Semana: Usted pareciera hacer volar sus lecturas con la imaginación, y con su memoria y su bagaje cultural poner a dialogar cada libro con los otros que ha leído.
Irene Vallejo: El mérito lo tienen mis padres. Cuando era niña no se conformaron con contarme historias antes de dormir, sino que las convirtieron en un juego. Interrumpían la lectura y me preguntaban qué creía que pasaría con los personajes, o me impulsaban a imaginar qué sería de ellos después de terminar la historia.

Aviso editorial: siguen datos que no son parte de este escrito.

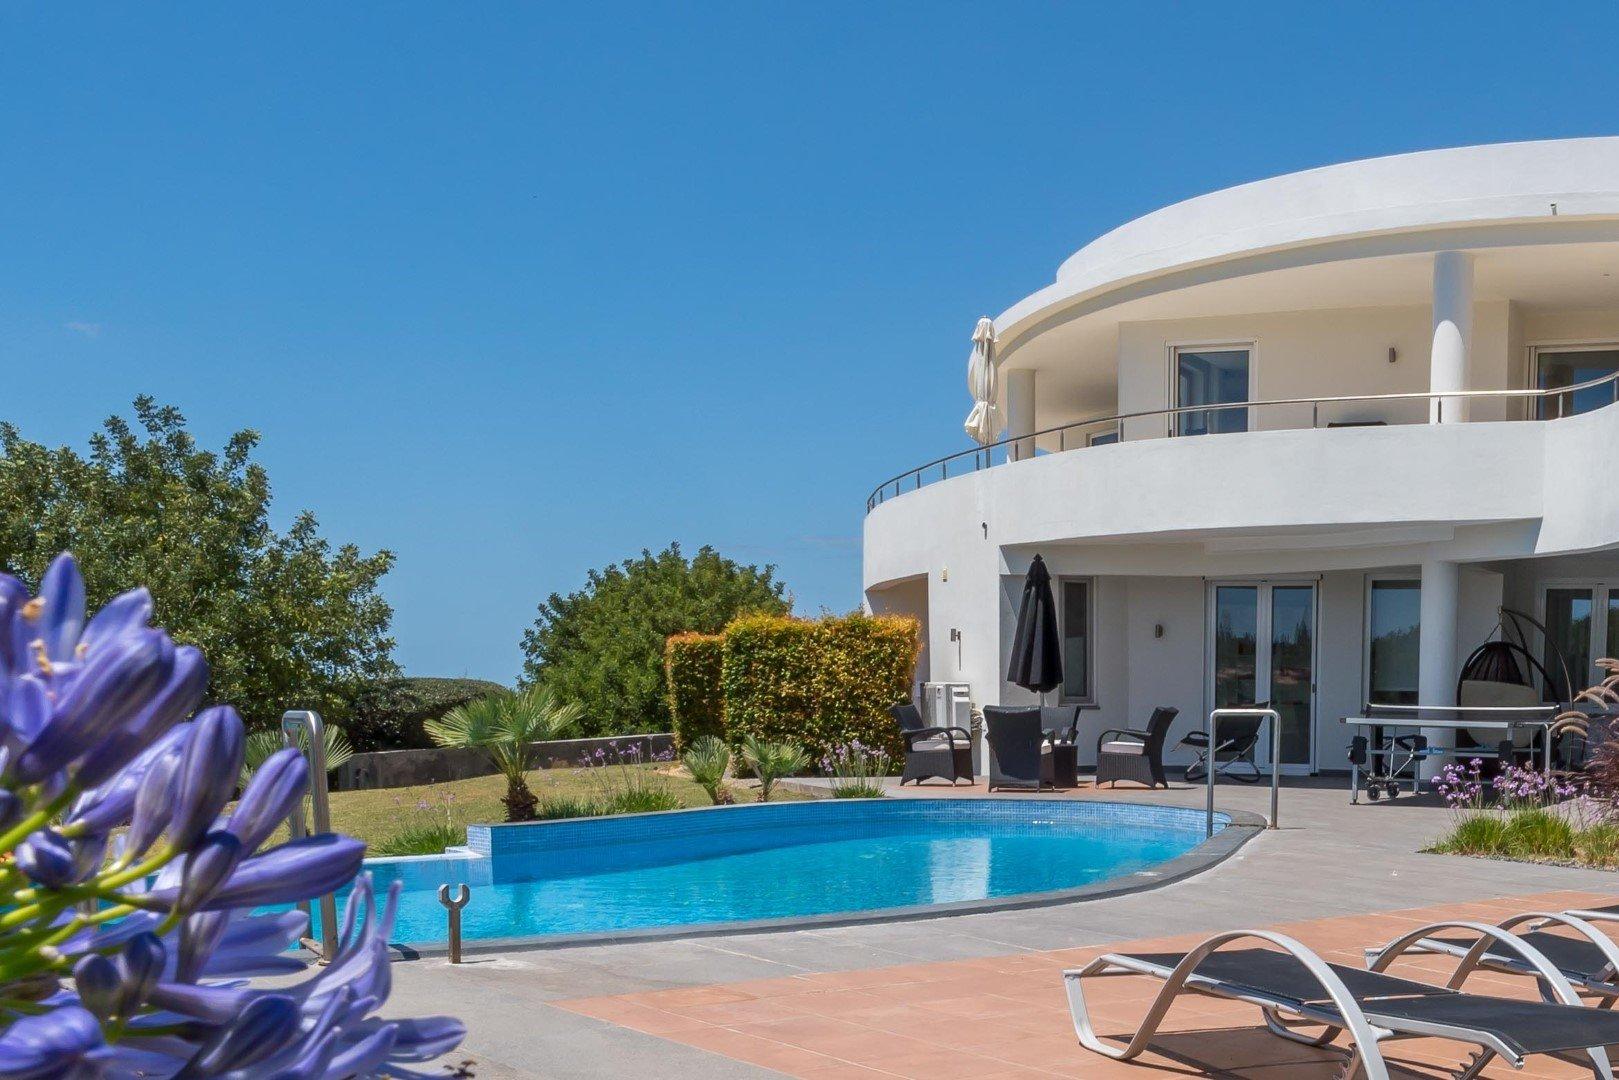 4 Bedroom Villa Almancil, Central Algarve Ref: MV24102

Para mí, la literatura empezó como un juego. No se trataba de escuchar pasivamente, sino de participar en una especie de improvisación. Pessoa, el poeta portugués, decía que le pasaba algo similar, que cuando estaba leyendo, de repente se desprendía del papel y de las letras, y comenzaba a escribir la historia. Con respecto a la memoria, es intentar ver siempre el espesor histórico de lo que hay detrás de las lecturas, de nuestras formas de vivir. Quizá procede también de aquella temprana iniciación en las mitologías y los relatos clásicos, que vienen a ser como un cofre de símbolos, personajes e imaginarios que uno va reencontrando en libros posteriores. Se aviva esa sensación de que cada libro es parte de una genealogía.
Semana: ¿Tiene algún libro del alma que relea con frecuencia?
I.V.: Uno es Las historias de Heródoto. Para mí es la crónica de un individuo que sale al mundo a conocer otras culturas en una época en la que hacer viajes era raro, difícil y muy arriesgado. Se dedica a conocer personas de otras culturas, y lo hace sin expresar jamás un sentimiento de superioridad. Eso me parece absolutamente maravilloso, y creo que nos consta aún. Además, Heródoto también entiende la historia como un conjunto de relatos que podrían contarse alrededor de una hoguera.
Otro autor que siempre tengo cerca es Michel de Montaigne, el creador del ensayo, por lo menos del término. Para mí es un gran innovador y un personaje que piensa con una humildad bastante infrecuente en la filosofía. No se jacta de saber, sino que está constantemente en diálogo con otros autores, sobre todo los de la antigüedad: Séneca, Platón, Sócrates, Cicerón. Intenta aprender de ellos e interiorizar su sabiduría filtrándola por su propia mentalidad y experiencia. Me gustan sus ensayos breves y la libertad con la que salta de una idea a otra. También admiro cómo comienza su obra diciendo: soy la materia prima de mi propio libro. Pero al final resulta que esa personalidad es un conjunto de voces, de viajes, de experiencias. Entiende que lo que cada uno de nosotros es, se forja en las experiencias, en el conocimiento, en las conversaciones con otros.
Semana: El infinito en un junco cuenta la historia del comienzo de la lectura, de los primeros libros y de los primeros lectores. Muchas de las anécdotas que narra eran desconocidas incluso para devoradores de libros. ¿Cómo las fue encontrando y luego hilando?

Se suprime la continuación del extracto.